El viejo layan de Tomacucho
Escribe, Efraín Gómez Pereira
El viejo árbol de layan o sauco, como se le conoce en otras regiones, siempre estuvo ahí, en su dominante esquina del enorme patio de la casa de Tomacucho, en Lambrama, en las faldas del apu Chipito.
Compartía el privilegiado espacio con otros dos árboles que crecían casi apretados, pero eran un poco menos imponentes. Era el vigía, el vigilante, la aduana de quienes cruzaban la calle que separaba la residencia lambramina de don Laureano Gómez Chuima; hacia arriba con las de doña Casiana y la “hermana” Casimira, y hacia abajo, con las viviendas de la abuela Higidia, el tío Andrés, y las de doña Aurelia y “chaki” Jesusa.
Era hospedero natural de tuyas, piscalas, pichincos, chejollos, ccentes, y otras aves locales, que en las frías madrugadas nos regalaban incomparables conciertos de música variada, inigualable. Pero sus inquilinos predilectos, sobre todo en época de fructificación, eran los chihuacos, plomizos, feos y odiados por los vecinos, porque es ccencha o malagüero.

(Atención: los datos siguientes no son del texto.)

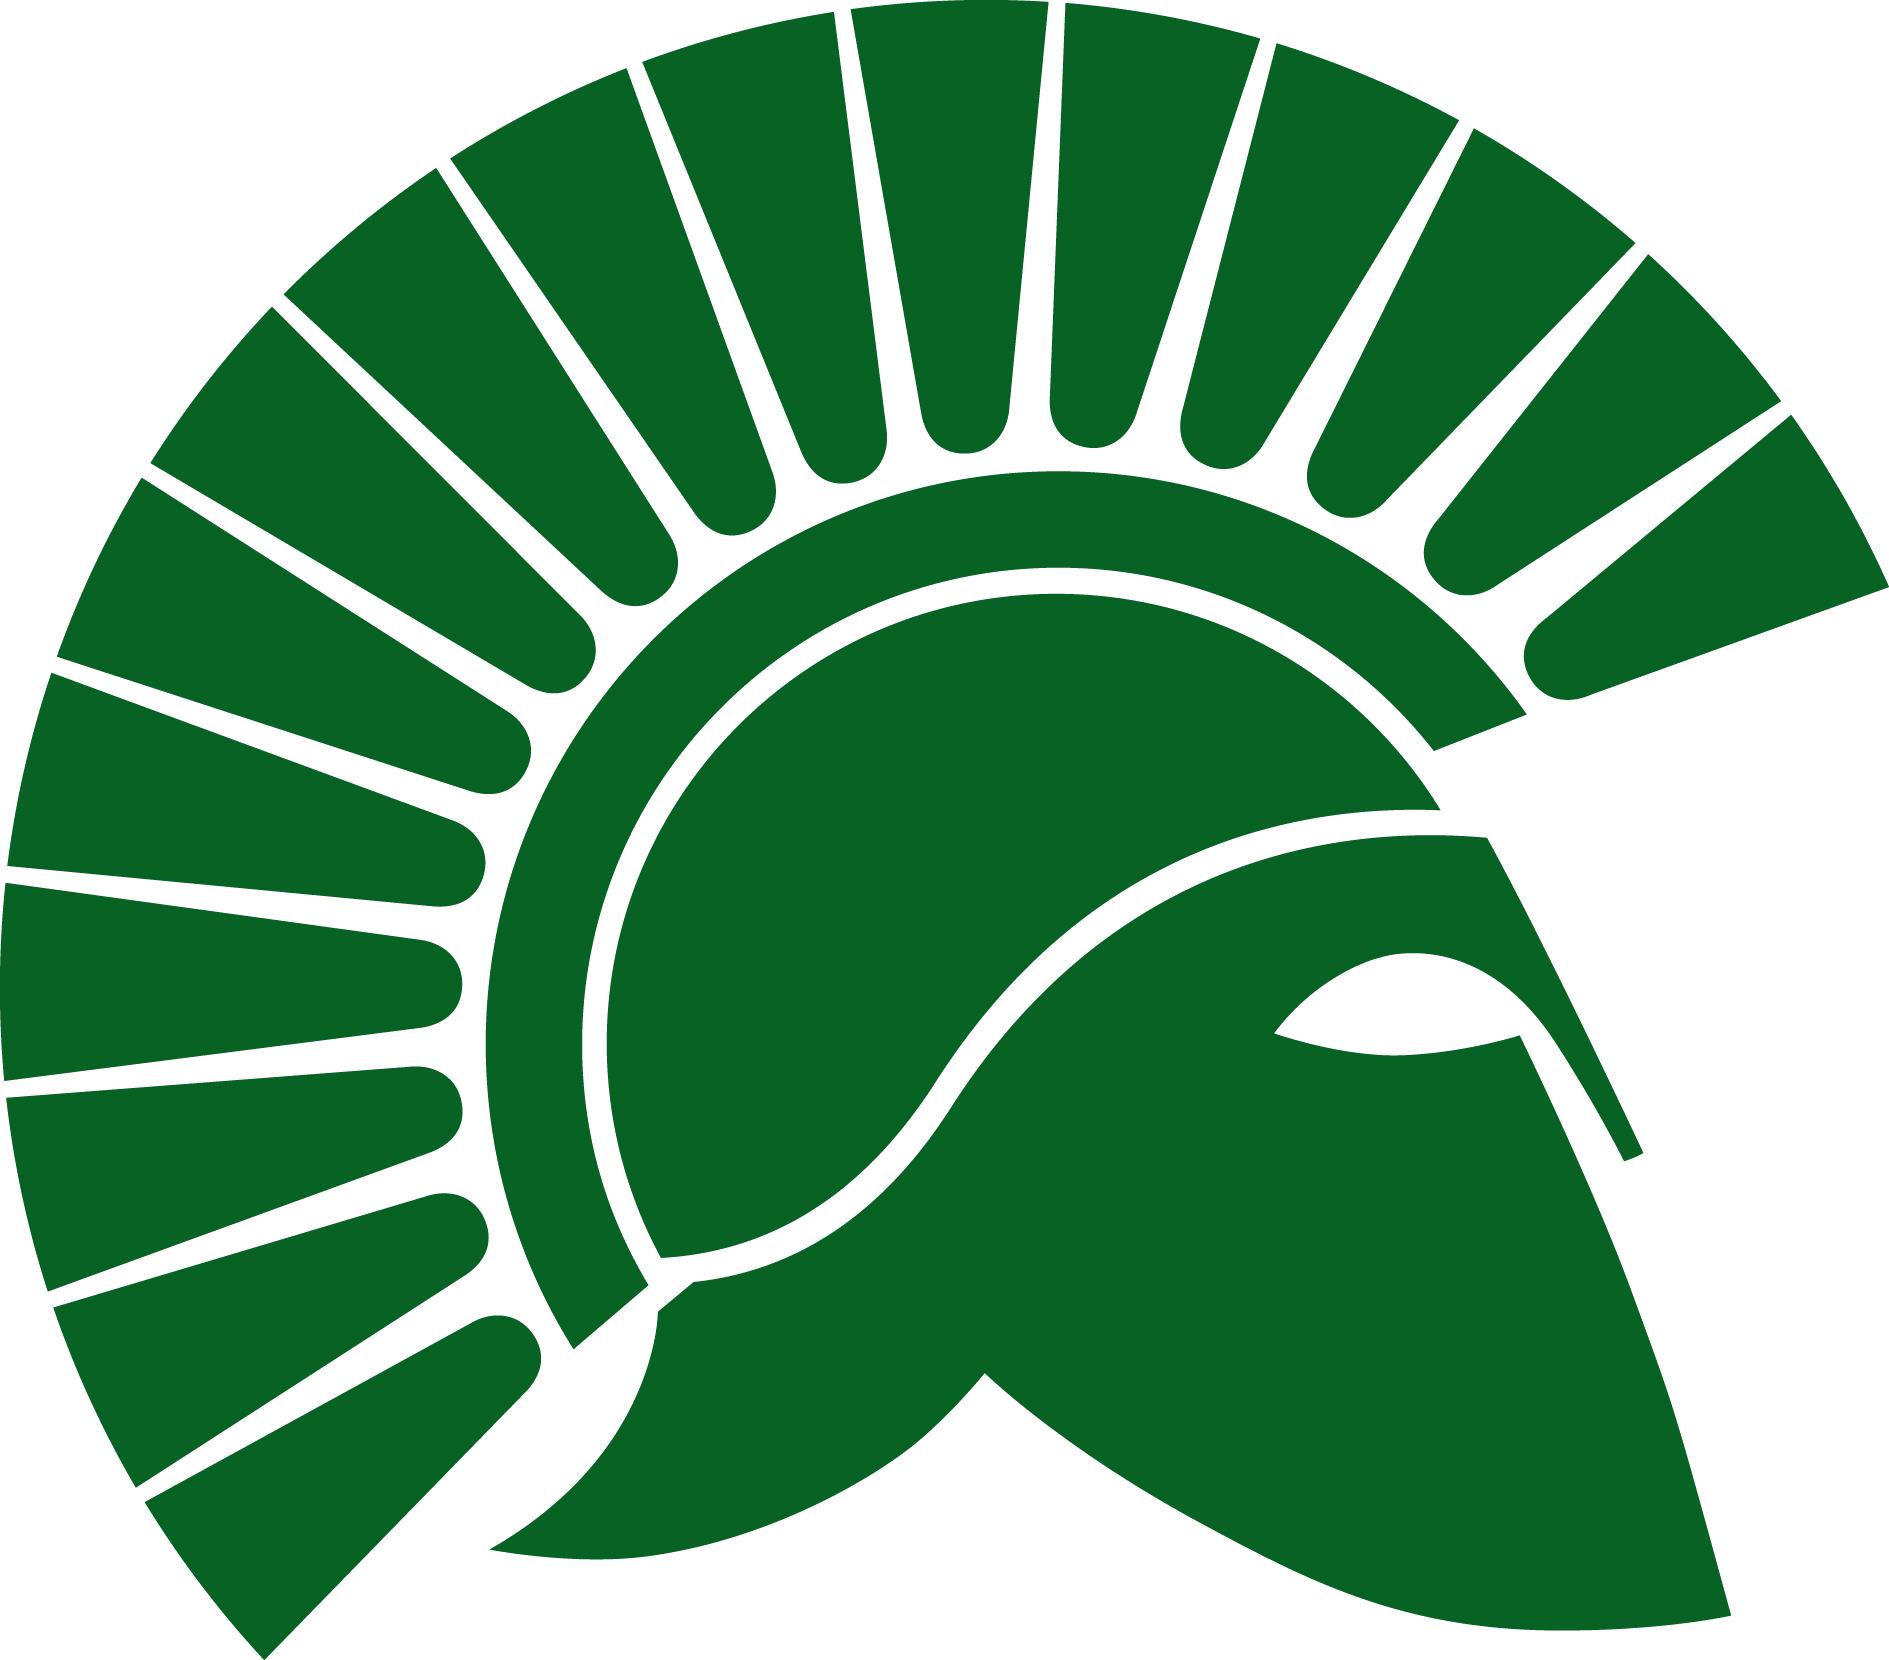 De La Salle High School logo

En una esquina de la casa de Tomacucho se levantaba imponente el viejo layan, hoy ausente.
Lo recuerdo desde que lo vieron mis ojos. Erguido y fuerte. Siempre verde y en ocasiones con generosos racimos de layanruru, que le disputábamos de puro jodidos, a los chihuacos, a los chanchac chihuacos, a los saltarines chihuacos.
En sus troncos firmes y añosos de una textura blanca brillosa, se ataban toros y caballos, con reatas y lazos trenzados de cuero repujado y engrasado; y procesado artesanalmente. Desde sus ramas prolíficas se extendían cordeles para secar ropa gruesa: frazadas, ponchos, costales, llicllas. En algunas ocasiones para secar carne deshidratada de vacunos y ovinos, convertidos en apetitosos charkis y cecinas, que se guardaban en bolsas tejidas de lazos curtidos, que eran colgadas en las cumbreras de la despensa.
En sus coposos follajes se armaban chacllas o cahuitos, unas ramadas tejidas con listones delgados de eucalipto, lambras, del propio layan u otras especies arbóreas de la zona, donde Antuco Chicclla, Vidal Zanabria, Eusebio Gómez, Agapito Huallpa y Angelo “Haya” descargaban buenos lotes de chala fresca a la espera que sequen al natural, y estaban destinadas a apaciguar el hambre de los animales domésticos en épocas de ausencia o escasez de pastos.
En esas chacllas jugaban los hermanos y sus amigos de Chacapata y Tomacucho, hombres y mujeres, hasta donde se trepaban sin temor a las caídas o a los golpes. Si alguno de ellos se venía al suelo, un lastimero “ayayau caraju, siki nanay”, y nuevamente al techo de chalas, a seguir jugando.
Sus ramas y troncos también fueron amigos cómplices de los hermanos, que jugábamos trepados, haciendo de Tarzán andino. Colgados de sogas amarradas a un nogal que se levantaba dentro de la huerta, a unos pocos metros, hacíamos piruetas atrevidas, emulando al rey de la selva o a los míticos chinchinas o danzantes de tijeras de las fiestas de Corpus Cristi, como Actuncha Vargas, o Lliulli, ídolos de los maktillos de Lambrama.
En épocas de lluvia, octubre a marzo, el patio de Tomacucho, era invadido de barro impidiendo que los niños extiendan sus juegos a ese lugar natural, dejando, sin embargo, un claro milagroso de sombra y ambiente seco, en las faldas de la copa del layan. Ese era un escenario alterno para los juegos infantiles. Era el lugar disputado por los hermanos.
Las ramas cortadas por los niños traviesos se llenaban de agua de lluvia convirtiéndolas en posaderos de occollos y sapos enanos, que eran cazados y descuartizados sin misericordia por los maktas y pashñas juguetones.
Había tal naturalidad en esos juegos que nadie, ni los mayores, se inmutaban por esas aberraciones. No sabíamos de la sociedad protectora de animales, o cosas por el estilo. La vida era así, al natural.
La última vez que estuve de visita por Tomacucho, me dolió su ausencia, como si se tratase de un ser humano, un familiar, un amigo, un vecino o vecina que ya no está ni para una fotografía de recuerdo. Y es que hay elementos de la naturaleza, como ese viejo y entrañable layan, que forman parte imborrable de nuestra existencia.